Deutsch also agrees another evolution in voice: improved voice recognition engines speed up onboarding. EPG uses deep neural network technology in its recognition engine to eliminate the need the need to “train” the system on a new worker’s voice, and also has expanded on the languages Lydia can recognize, including language combinations like Spanglish.
“The trends with voice all come back to labor challenges and labor productivity in some way. Right now, a top driver we’re seeing the extremely high turnover rate many operations are facing,” Deutsch says. “That makes the ability of a voice solution to get workers up to speed quickly, regardless of their language or dialect, absolutely paramount.”
Keith Phillips, president and CEO of Voxware, a provider of voice solutions and work execution software, says a couple of Voxware’s clients have piloted mobile robots, but to date none have used AMRs in concert with Voxware’s voice solution, though it would be possible to use AMRs to transport totes or orders picked by voice.
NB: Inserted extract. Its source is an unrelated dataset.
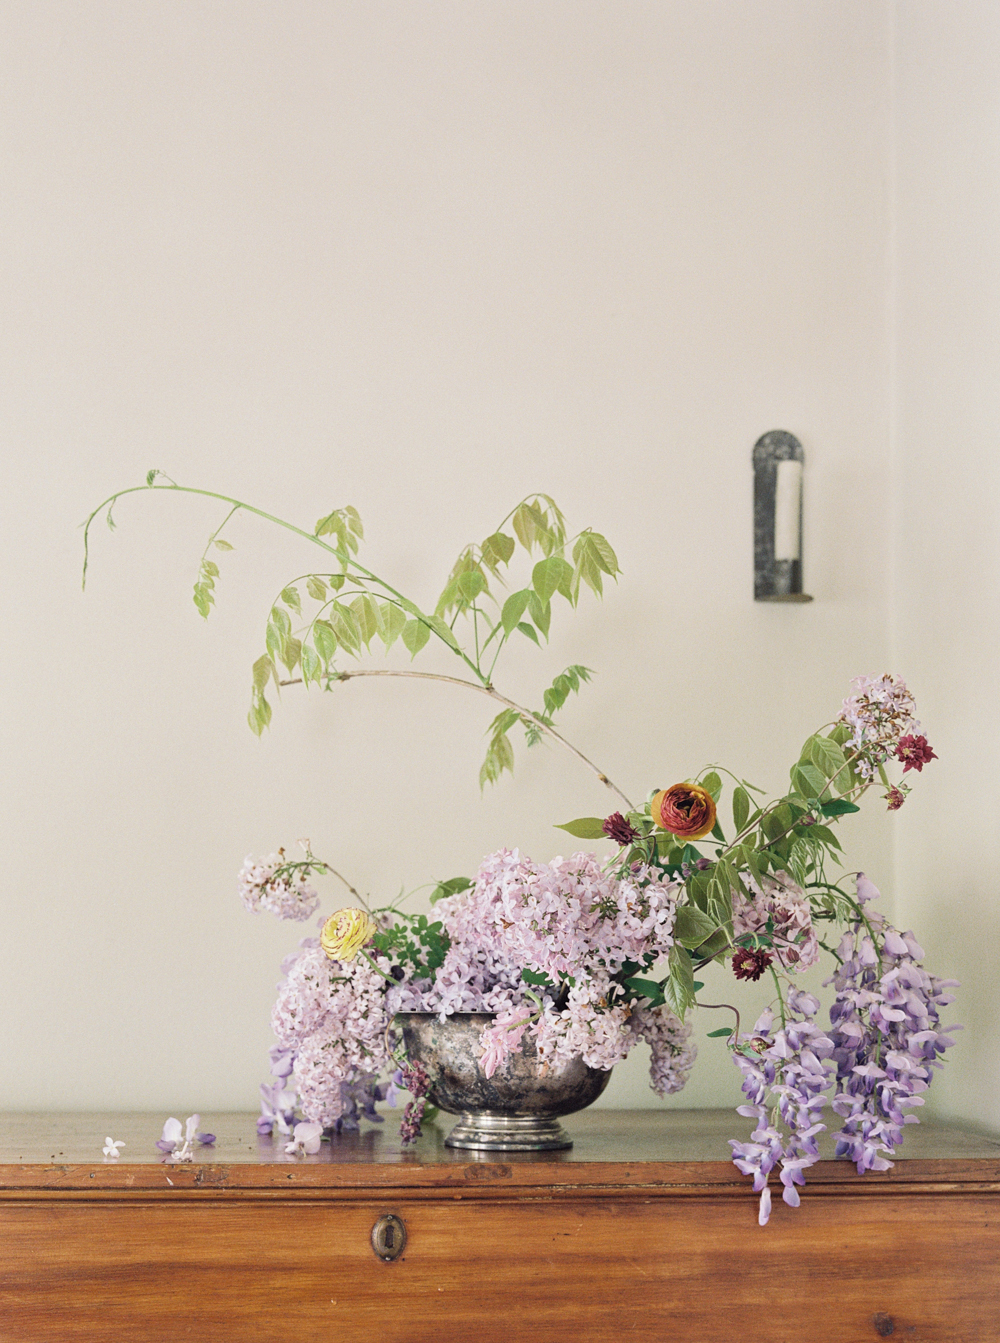 cristina-lozito-photography-flowers-36.jpg

“For us, interacting with a mobile robot would not be much different than interoperating with something like an intelligent pallet jack, which we can do through our work execution capabilities,” says Phillips. “It’s one of those things where we’re ready for the market, but not that much of the market is quite yet ready for robotics.”
Phillips agrees that improved voice recognition technology is one of the most impactful trends for voice-directed applications, in that most are struggling with high turnover. With Voxware’s natural language voice recognition engine, there is no pretraining the system for a new user’s voice—just a brief tutorial and a new associate can start being productive.
“That’s been a game-changer for our customers because it allows them to navigate the dynamics of today’s workforce more effectively,” says Phillips.
Most voice solution vendors have also expanded into work execution functions, notes Phillips, which adds software capabilities like containerization, order release and picking logic, cycle counting, or kitting, which might be more advanced than what some WMS or legacy WMS solutions can support. In this sense, voice solutions have evolved to drive the execution of fulfillment processes and “fill gaps” that might be lacking in a WMS, Phillips explains.
“We have the capability to manage multiple processes, from receiving all the way through truck loading, through work execution capabilities,” says Phillips. It’s not just voice picking of small items, but everything from pallet building to something as intricate as how you should fold a piece of apparel to pack it. Then we layer analytics on top of all these functions to find further areas for improvement. Voice has certainly evolved to be more than voice picking. Today it’s multi-modal in the devices that can be used, with work execution capabilities to accelerate multiple processes.”